The book reproduces in facsimile a considerable number of these Malay documents from the Penghulu Papers, together with English translations that are literal rather than colloquial but give the flavour of the original. Many are letters written to Rajah Bilah by the British officials with whom he worked. Others are letters from business associates, including some Chinese, and yet others are family communications on personal matters. In addition, the authors use unpublished Malay biographies, quoted in the text, notably the history of Rajah Asal and his descendants written in 1934 by Raja Haji Muhammad Ya’qub, son and successor in office of Rajah Bilah. There are also a number of photographs, some of them the particular contribution of Khoo Salma Nasution as joint author with her husband.

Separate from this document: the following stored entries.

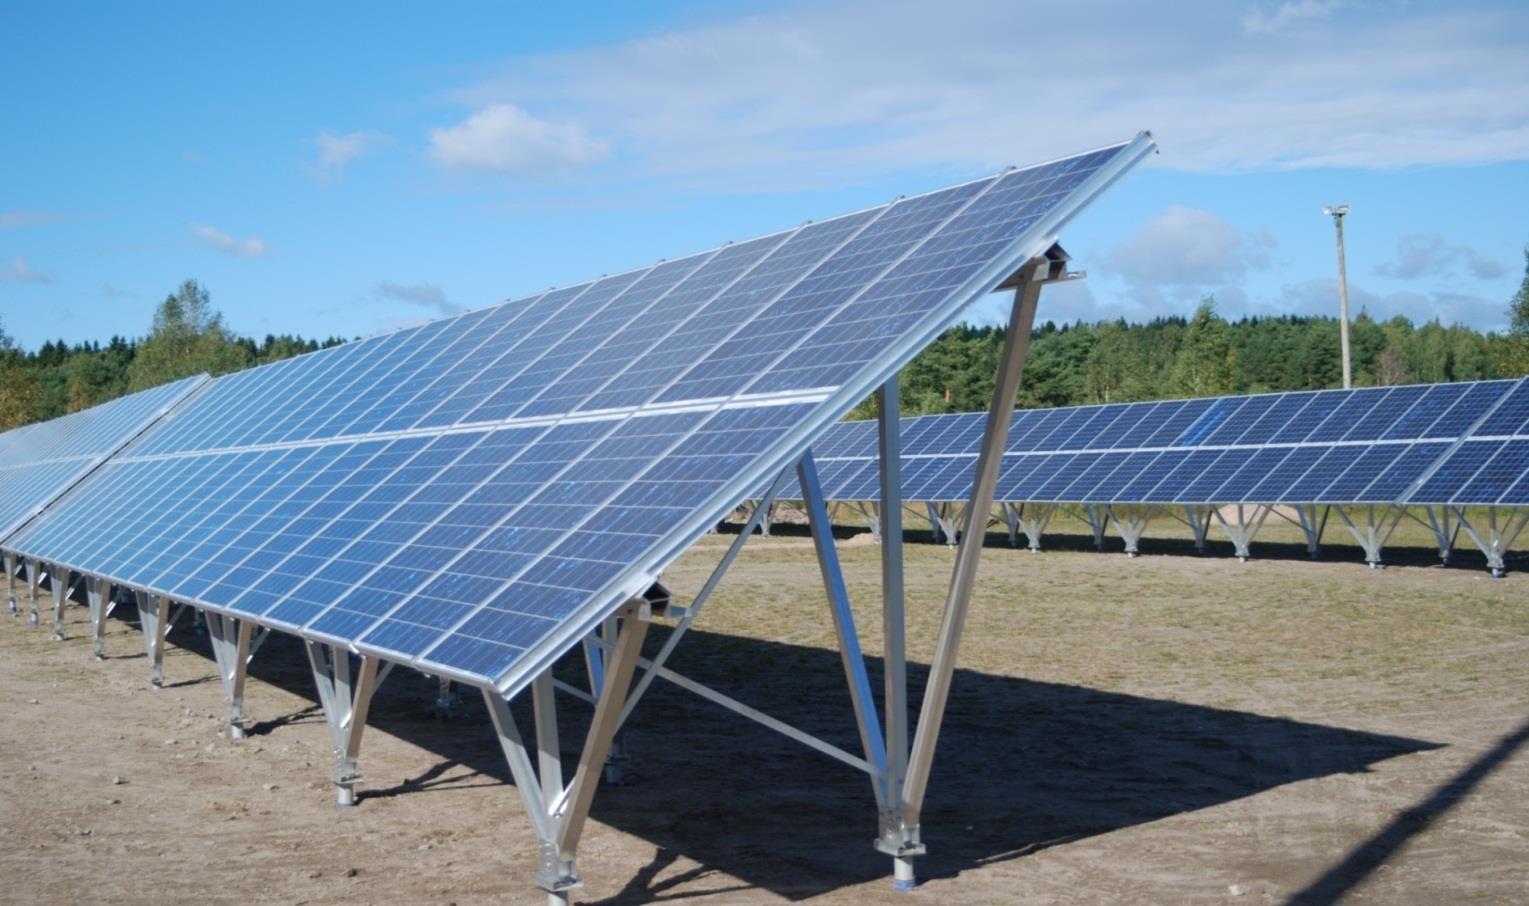 Exempel på forskningsprojekt på solenergi Fortum samarbetar med Glava Energicentrum inom solenergi m.m. I Glava finns drygt 240kW solel installerat Fortum äger ca.
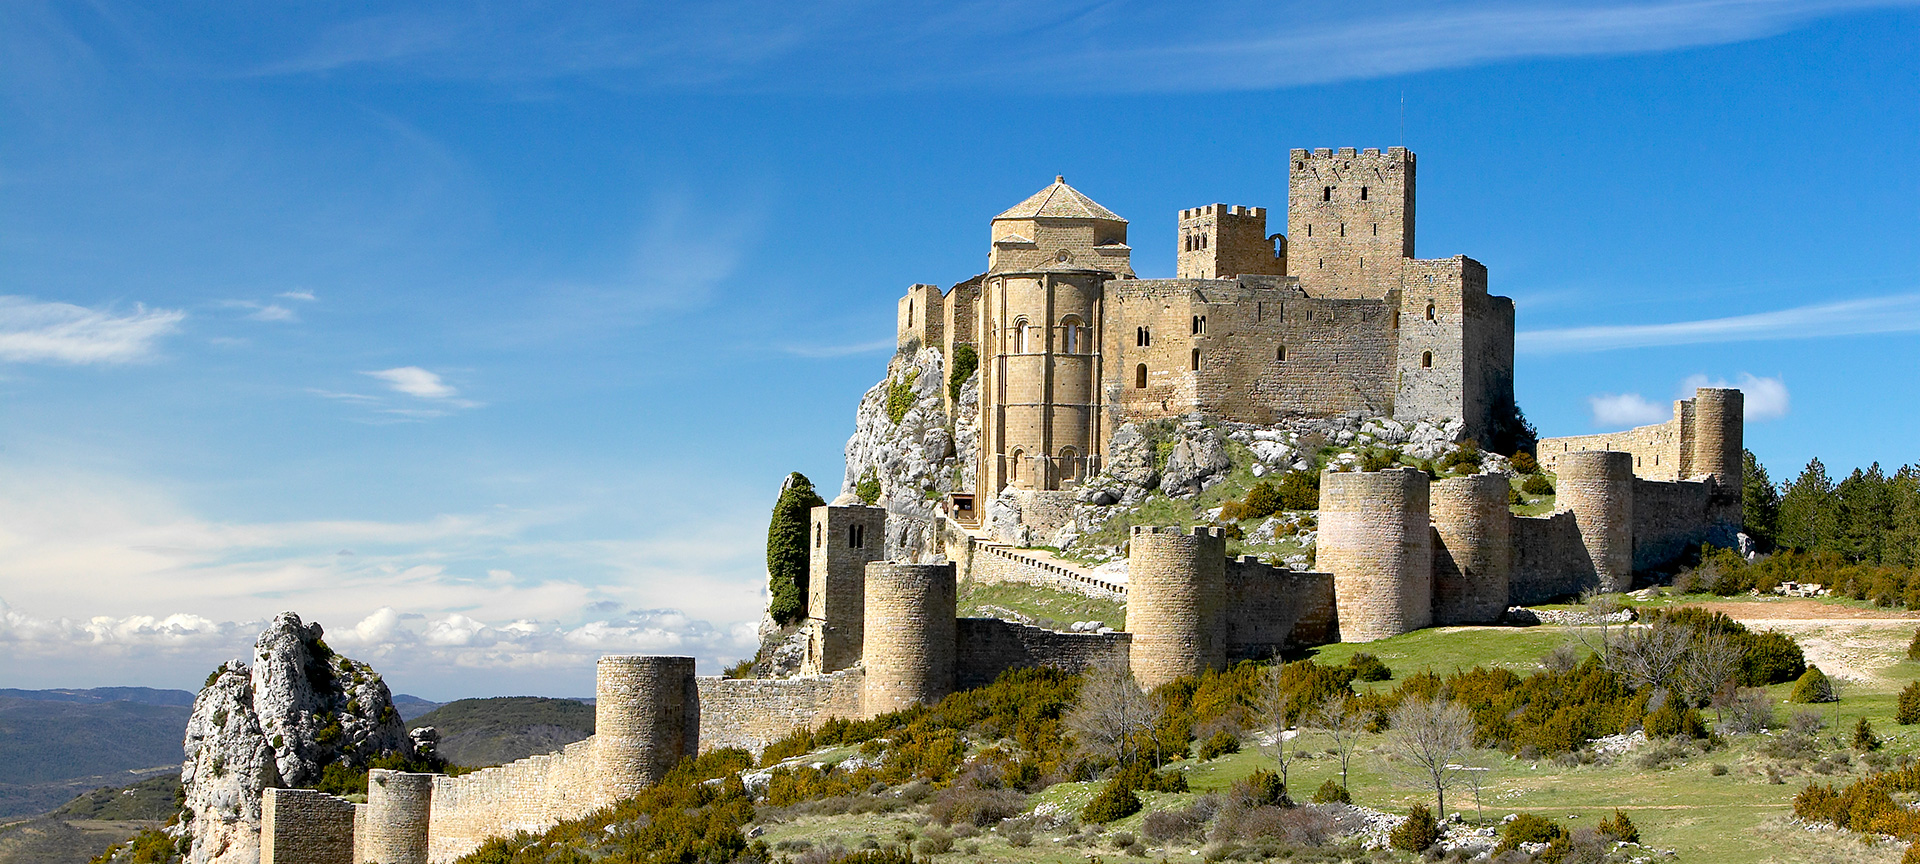 Middeleeuws kasteel op berg tegen blauwe lucht.
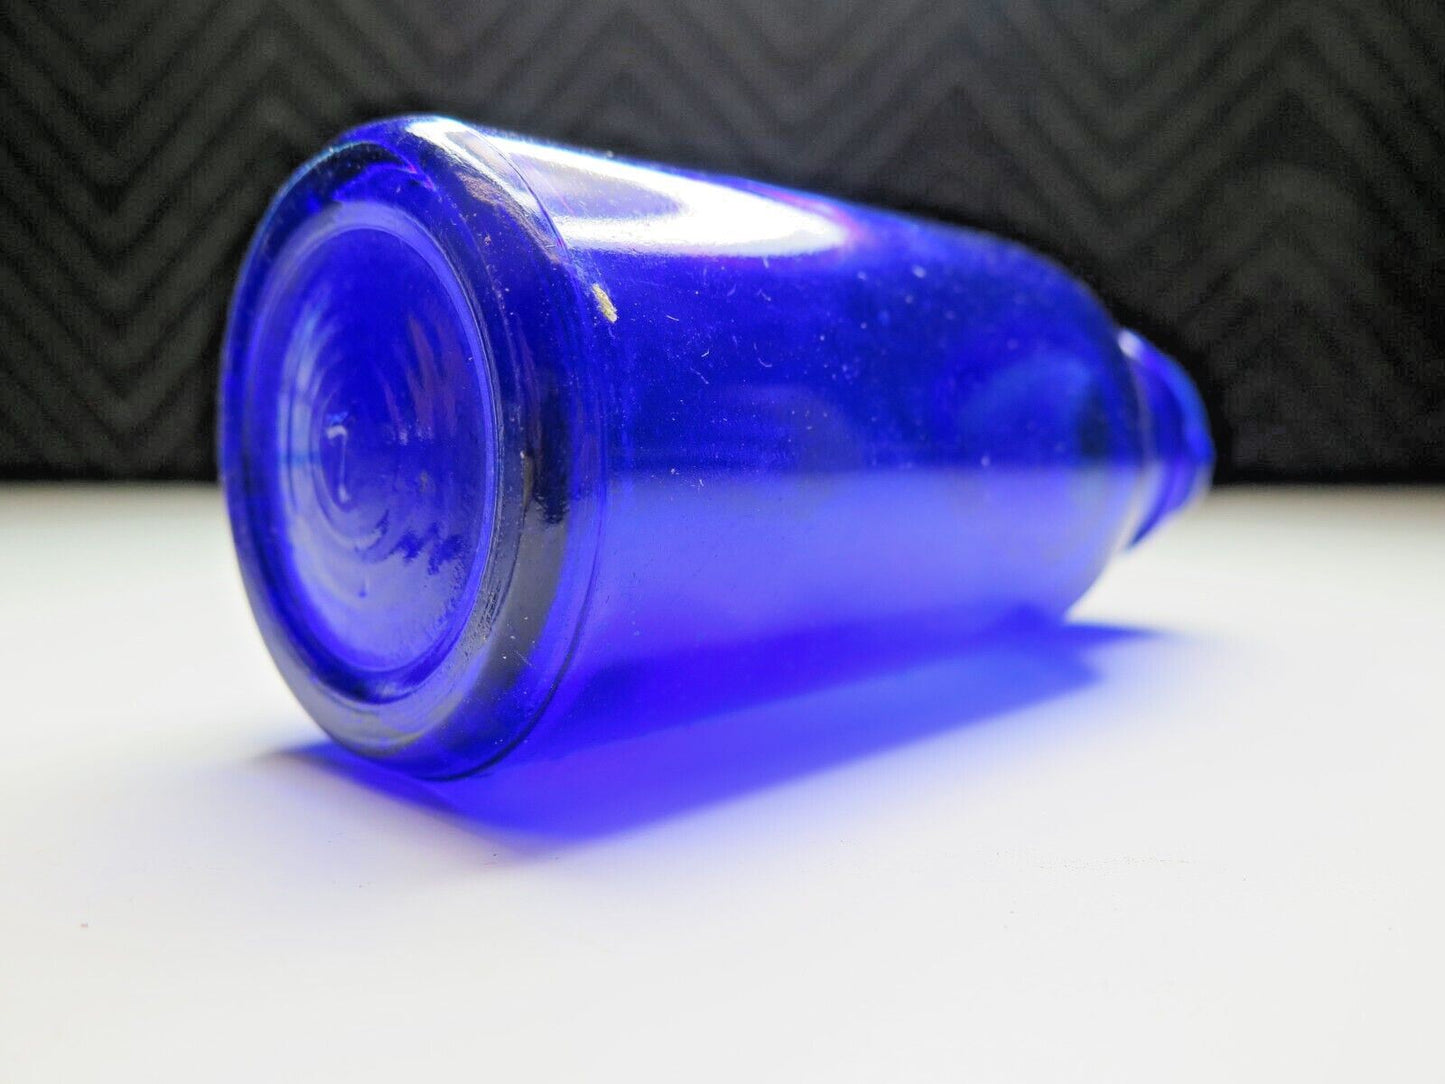 Cobalt BROMO SELTZER Emerson Bottle, Medium 5 inch, Blue Vintage Glass Medicinal
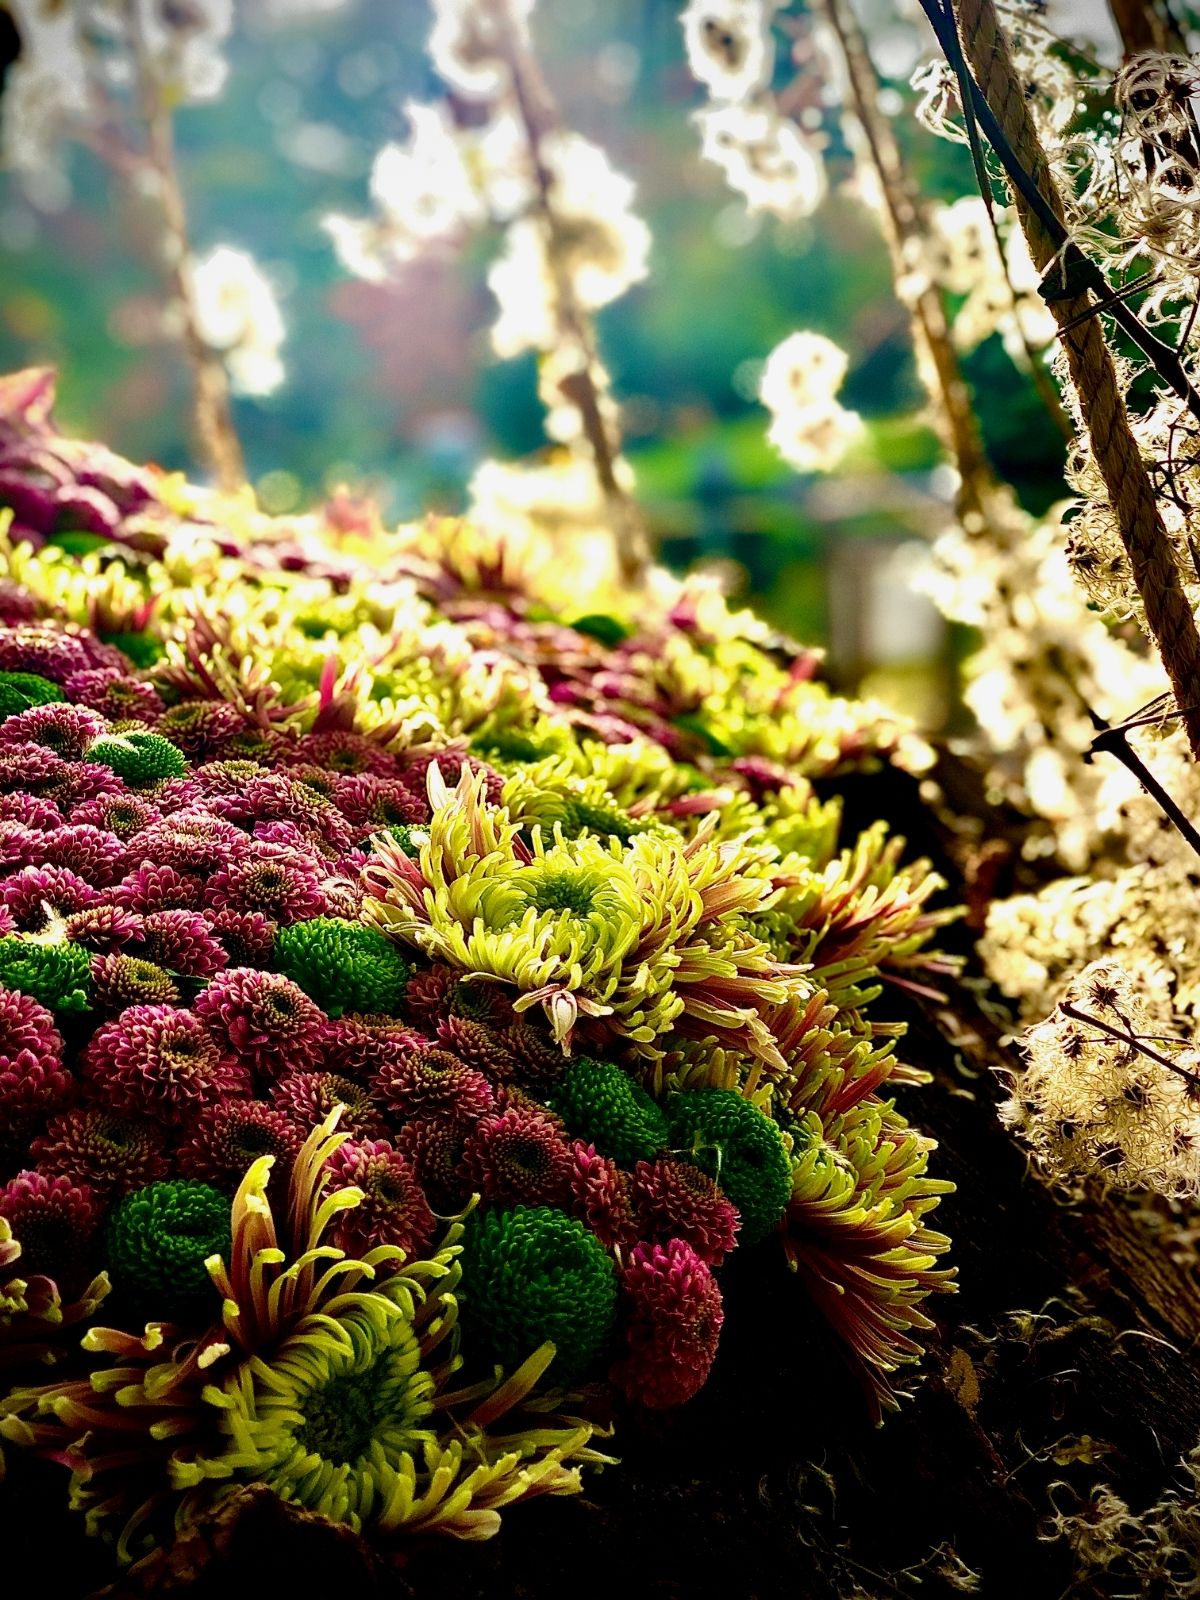 Design Japanese Garden 4 Haiku in bloom by Tom de Houwer  flowers Just Chrys  - Blog on Thursd
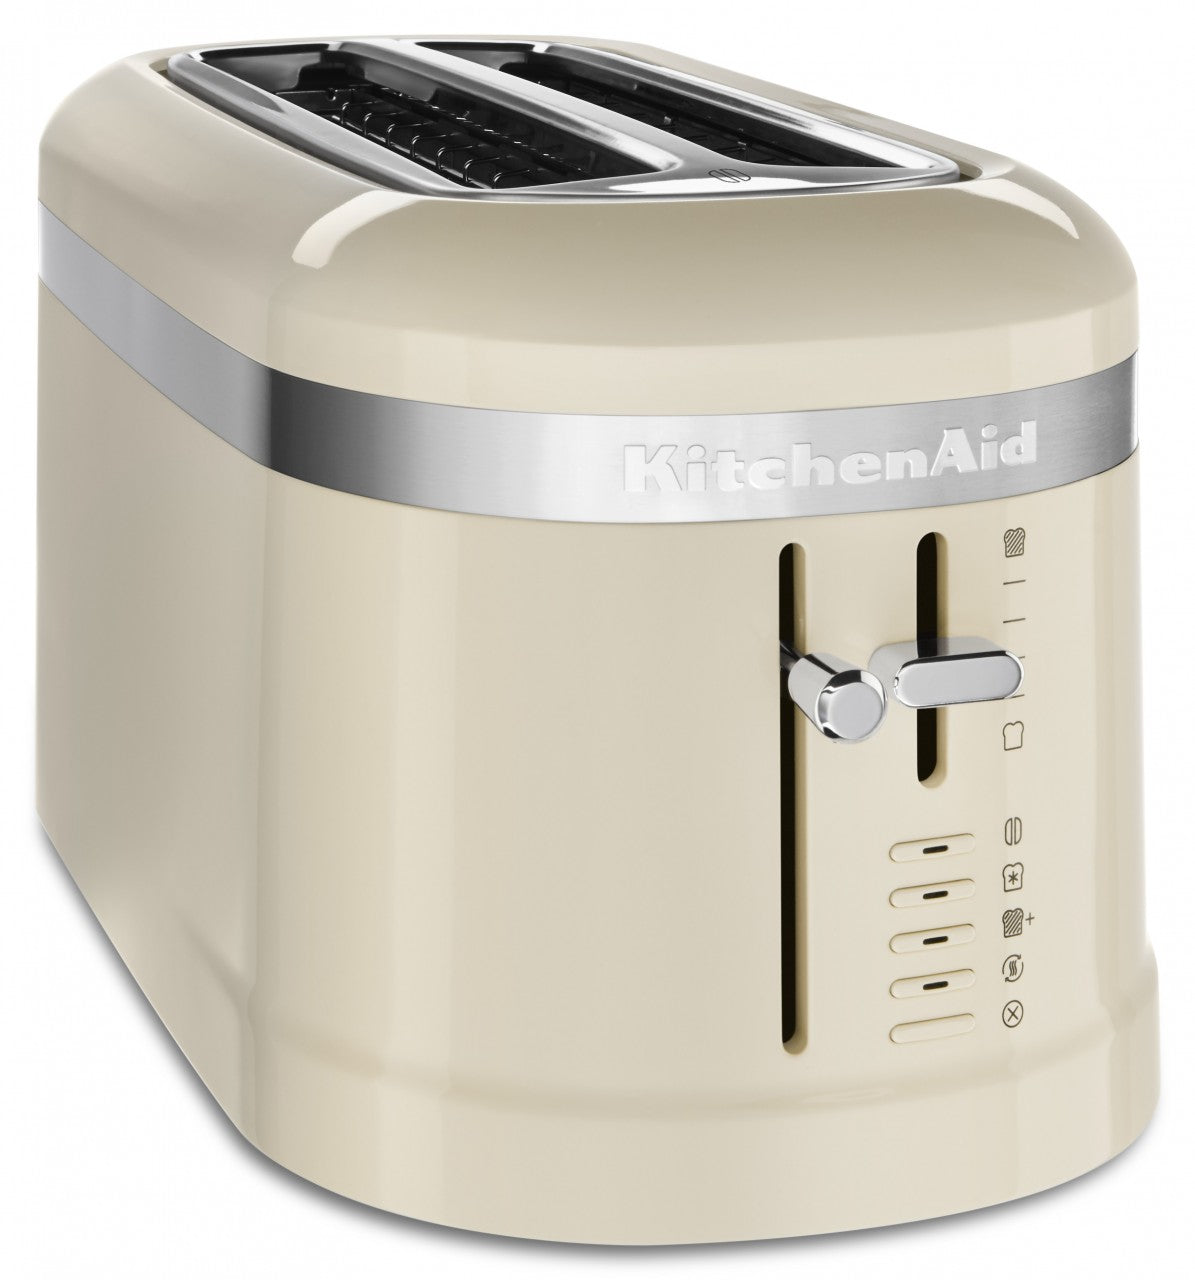 KitchenAid 5KMT5115 - 4-Scheiben Toaster

In reading this material, the substance of which is skillfully worked into the main text, one has a vivid impression of the lives and personalities of Rajah Bilah and others. In a technical sense, this is a case study of a particular group at a specific place and time. It is also representative of the wider Malay society in the formative period of the late nineteenth century, when swords were being beaten if not into ploughshares then into parangs which cleared the land and created homesteads where there were none before.

The authors, the Toyota Foundation, which give financial support, and the Society all deserve our thanks for the publication of this excellent monograph.